Samuel Beam was born and raised in Columbia, South Carolina. His grandmother played piano in a country church. His mother enjoyed singer-songwriters and his father listened to Motown. When Beam was 14, he got a guitar and played Joy Division songs in his bedroom. Upon realizing this might disturb sleeping family members, he started playing more quietly.
Well, times change: Beam is now married, living in Miami with a young son and daughter, and a third child on the way. But some things never do: He still writes songs in his bedroom. And they're still real quiet — most of the time.

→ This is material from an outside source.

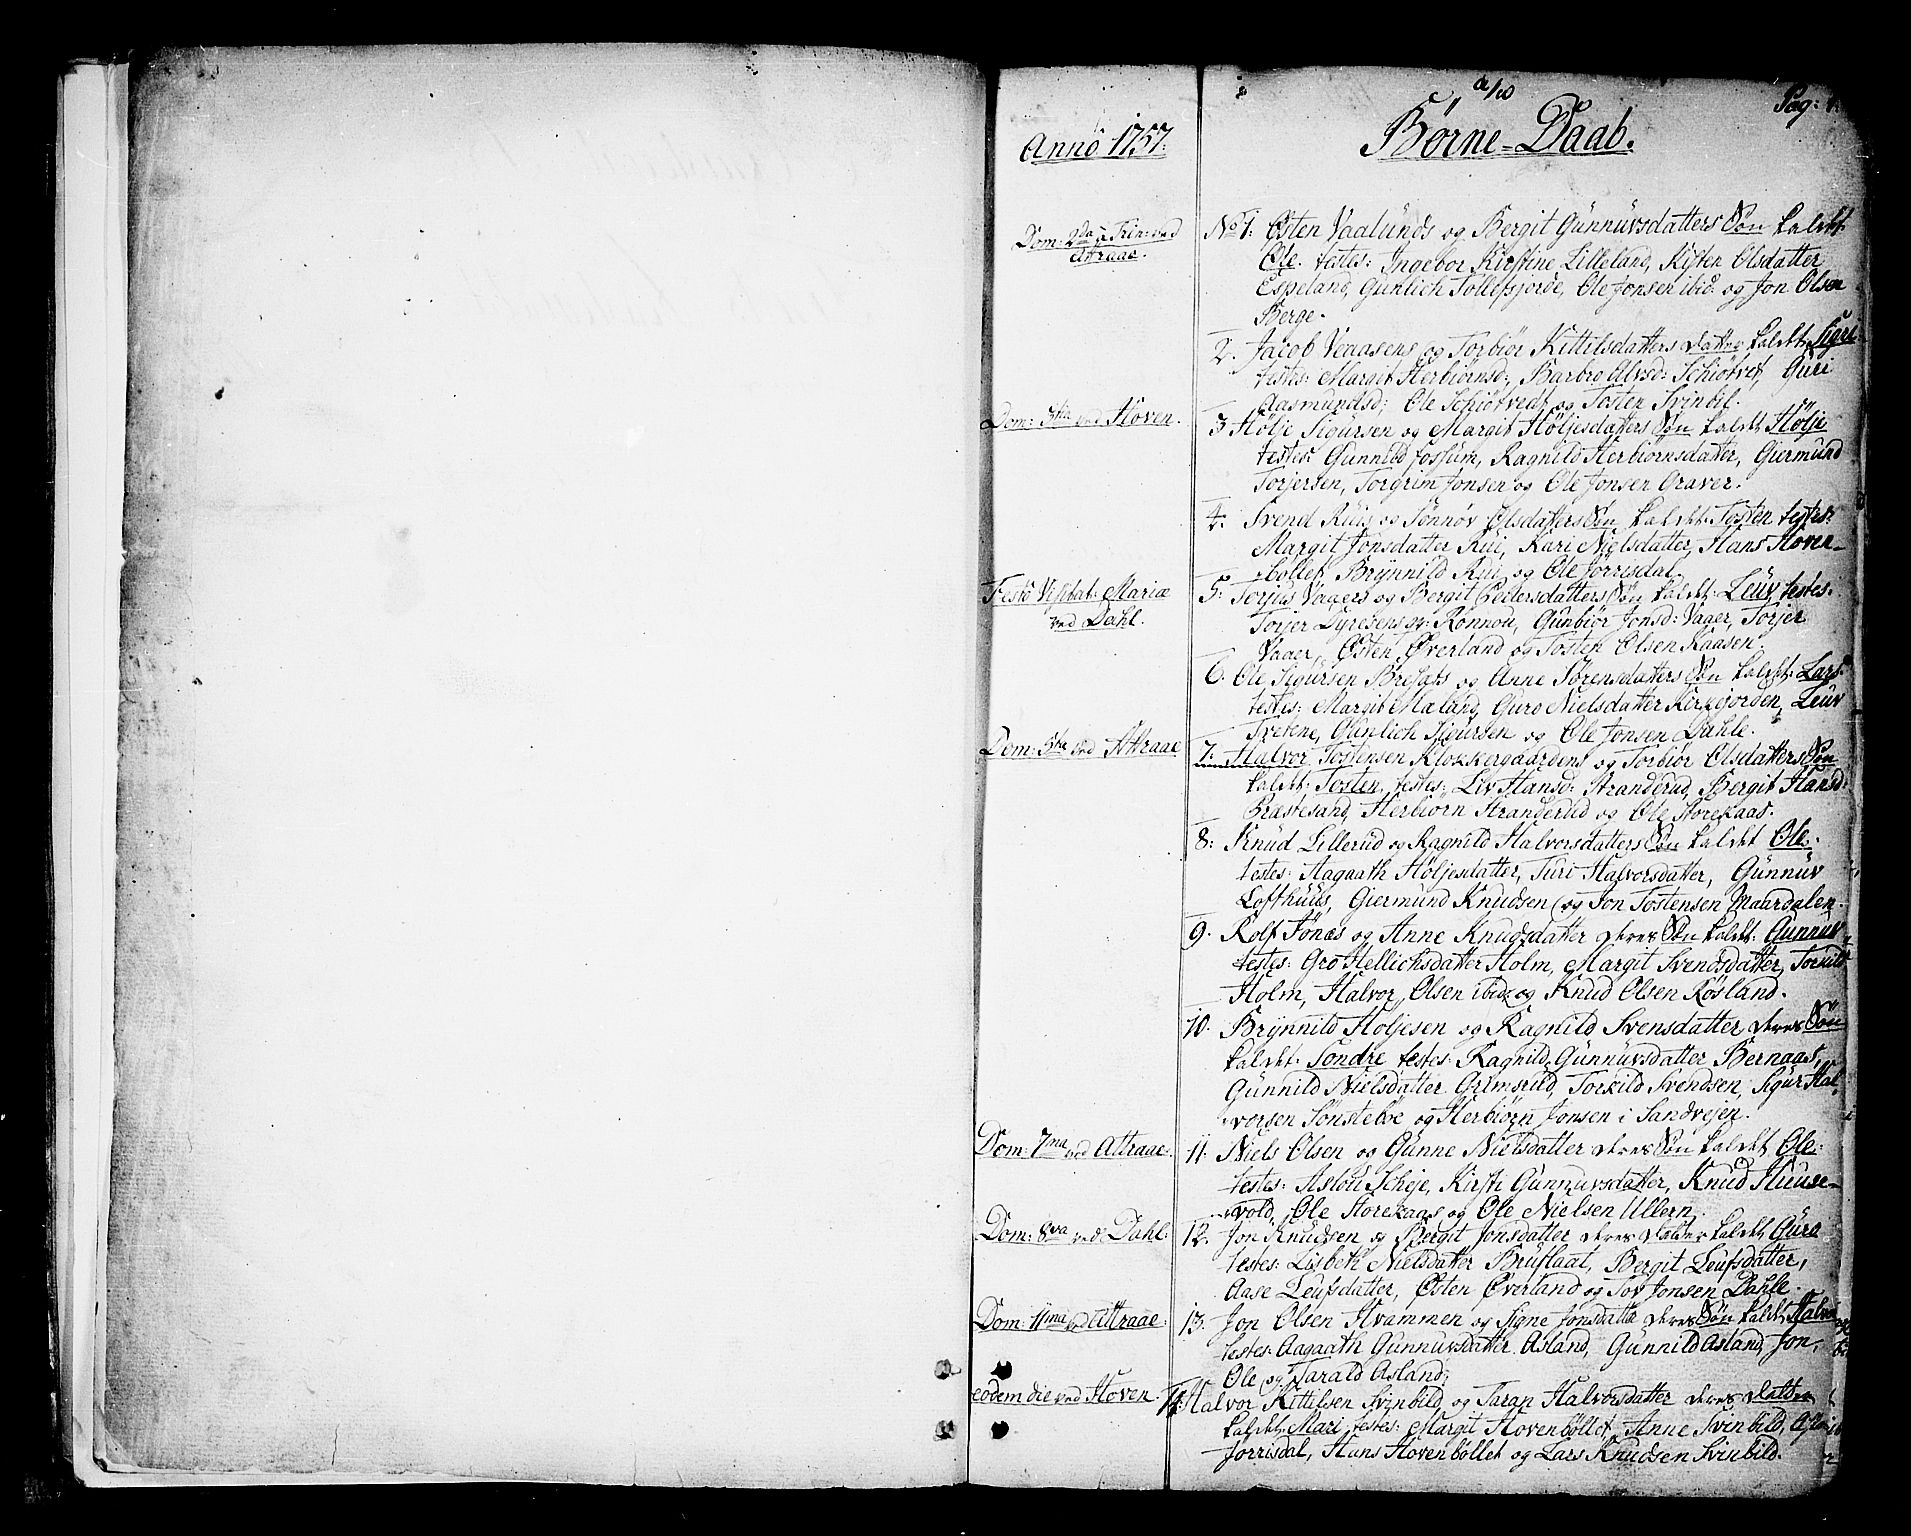 SAKO, Tinn kirkebøker, F/Fa/L0002: Ministerialbok nr. I 2, 1757-1810, s. 0-1

A few years ago, some of Beam's 4-track recordings were passed around amongst friends. Sub Pop got a hold of them and decided they should be heard. The result is Iron and Wine's 2002 album The Creek Drank the Cradle. These were the crushed whispers of a blessed man with an acoustic guitar — the picture of idyllic grace and literacy. A mixture of folk elements, verse and affecting melody, Beam's music politely scratched the surface and then bore straight through the current rock canon, a dulcet offer to lead its followers to another place. And they were happy to follow. Beam found himself tossed gently into the strange world of touring (going out with bands like The Shins, The Decemberists, Fruit Bats, Ugly Casanova and Broadcast), and perhaps the much stranger world of hot-blooded fandom. (Case in point: I interviewed Beam about two years ago and he was marveling at the fact that a young man with a Mohawk had approached him at a show to offer his praises.) Over the course of the next two years, Beam released Our Endless Numbered Days (2004) and The Sea and the Rhythm EP (2003) — continuing a modest journey into the crevices of our own mortality, morality, desire and faith — our quiet guidebooks through those rites of passage we tenuously share.

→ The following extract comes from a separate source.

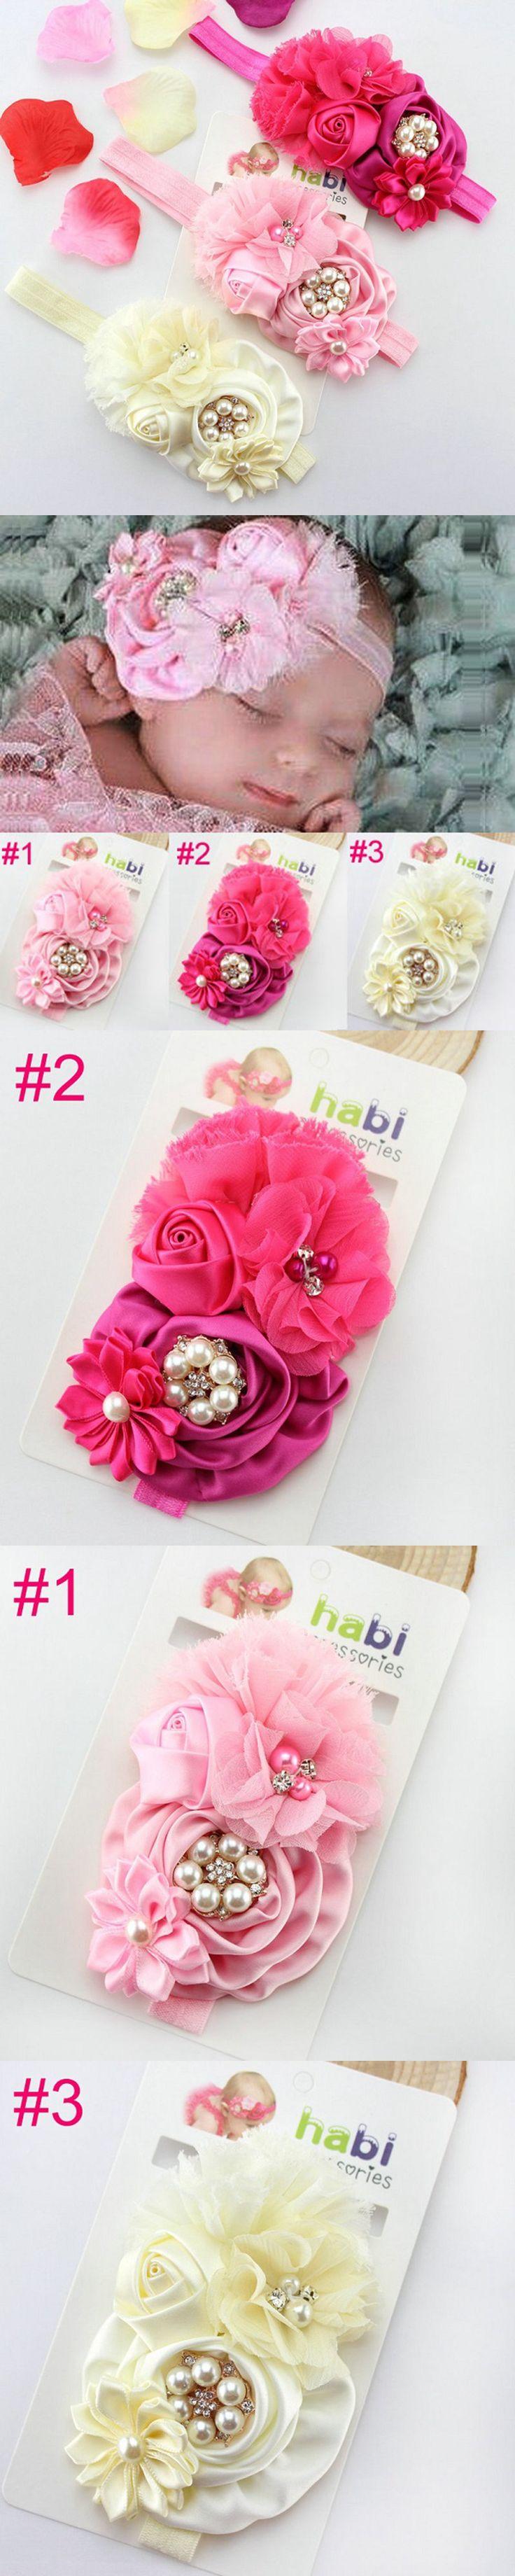 Infant Baby big Rose Flower Headband Baby Girls Rhinestone and Pearl Chiffon Flower Headband Children Hair Accessories 1pc HB004

His latest EP, Woman King, furthers the tradition. Recorded in August 2004 at Brian Deck's Engine Studios in Chicago, the album also widens Beam's musical blueprint, ushering in piano, electric guitar and more percussive elements to mingle with acoustic guitar, banjo and sister Sarah Beam's saintly backing vocals. Thematically, these six fine-spun songs delve into the cult of the woman — hopeful in our shadowy roles for her, and veiled in the corners of Beam's own memory. "Thank god you see me the way you do/Strange as you are to me," sings Beam in "My Lady's House" — vocalizing what's undoubtedly the heart of a tenuous covenant with the sexual other. Though it's a purely coincidental thematic strain (emerging only after this batch of songs was culled from a larger body of recently recorded material), Woman King (as you might guess from the title…) focuses almost wholly on the female, — as idol, monarch, warrior, saint, lover and enemy — exploring the theme via new instrumental sounds: guttural drones ("Woman King"), lulling piano ("My Lady's House") and frenetic urgency brought on by the unexpected, welcome appearance of total distortion ("Evening on the Ground (Lilith's Song)").
Beam's unflinching gift lies in harborage. In many ways completely insular — existing outside of the trappings of popular music, untouched and never swayed by their expectations or trends, fancy clothes or loud noises — his questions mirror ours. And we need, for just a few minutes, to see things through his eyes. Even guys with Mohawks.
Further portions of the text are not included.